I should have something posted in a few days.

Thank you!

December 11, 2005 8:08 PM  

Blogger Sidney said...

You are right Senor Enrique, some people are achieving great things by overcoming their fears. Good examples are Sy, Lucio Tan, Steve Jobs, etc. And there are many less known people who achieved great things because they overcame their fears.
But we should not generalize. It might even become a VERY dangerous theory if not used with the necessary care. It is easy to cross the line and say that it is their own fault if they are poor, jobless and sick. The odds are REALLY against those poor people. You saw the picture of this naked child in my blog. How can this kid ever go out of this cycle of misery? In theory it is possible, but if we are honest with ourselves, we need to admit that it is almost impossible.

When you are born in a family of scavengers in Tondo or in the Payatas dump site the odds that you get out is almost inexistent. Those scavengers work hard but for nothing…

I see a lot of hard working people on the streets of Manila. We see them all while we are driving in our air con cars.
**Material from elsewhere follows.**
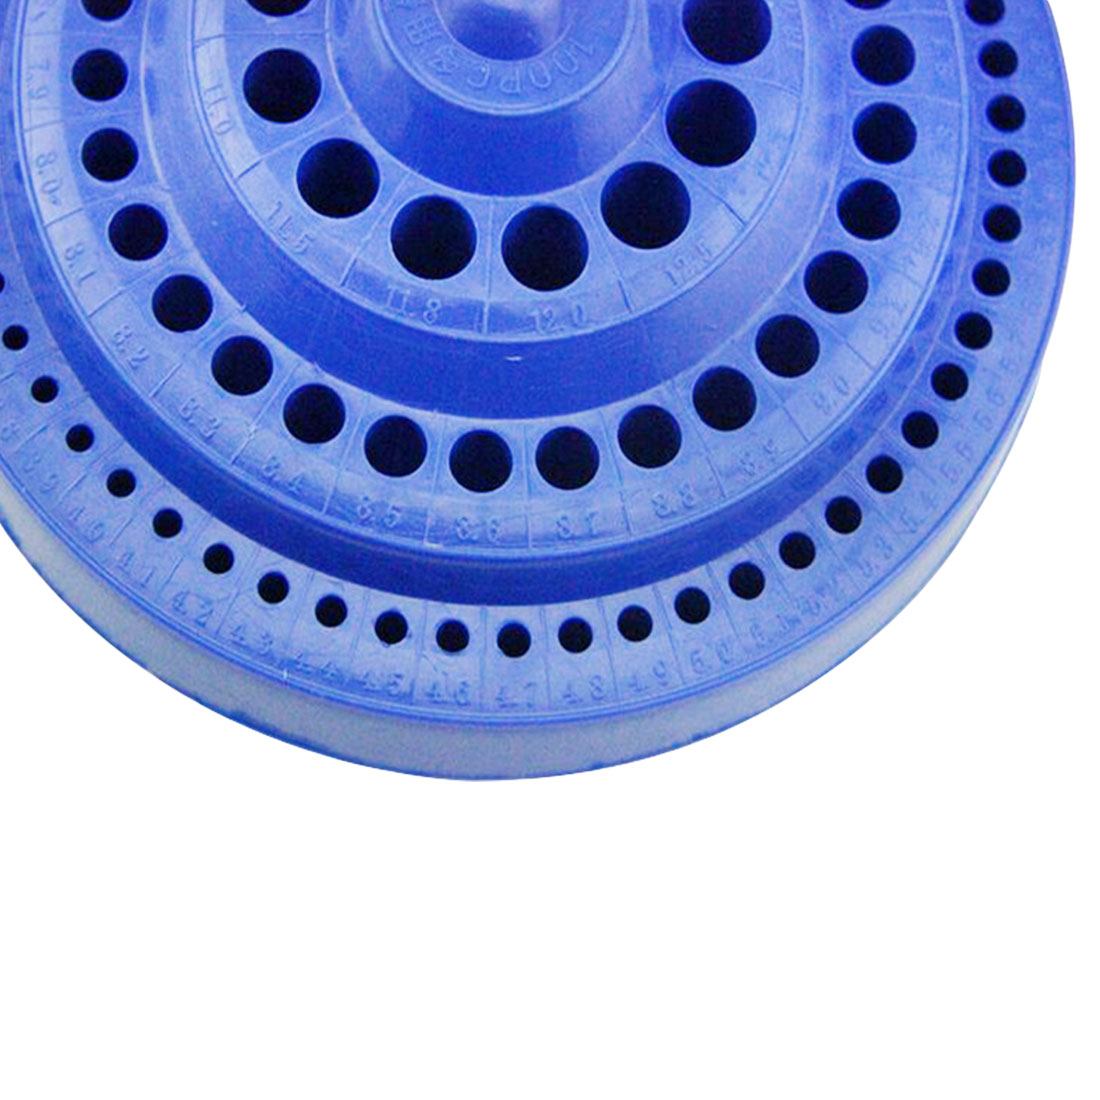 Купить с кэшбэком Hot 1pcs Round Shape Plastic Hard 100pcs 1-13mm Drill Bit Storage Case Blue

They sell toys, napkins, cigarettes and candies in our hot and polluted streets. I wonder what they earn at the end of the day (probably less than 100 pesos). You can’t accuse them of stealing, of doing nothing, of not overcoming their fears... They work very hard and in very difficult conditions. I really admire those people because I don’t think I would have the strength to do what they do.
How can they feed their families? What about their children?

This being said, I understand your message. You should check out following website: I think this organization is trying to do what you said in your post. Maybe you will even want to join them. I might join in the future if I am convinced that I can help.

December 11, 2005 8:11 PM  

Blogger Señor Enrique said...

Hello Noel!

Those you speak of may be those as a group perceive welfare benefits as "entitlement;" this is more of an aberration. The same is true of the island of Puerto Rico with the largest recipients of food stamps as compared to the other states.

Good suggestion about the Barangay chairman who is, by the way, I have a pleasant relationship with. However, in my endeavors of this nature as I've done in New York, I am more inspired by what Malcom X once replied to a white woman who wrote him wanting to join his cause. He told her she didn't have to join his own organization, she could just start on her own backyard if she was really serious about it.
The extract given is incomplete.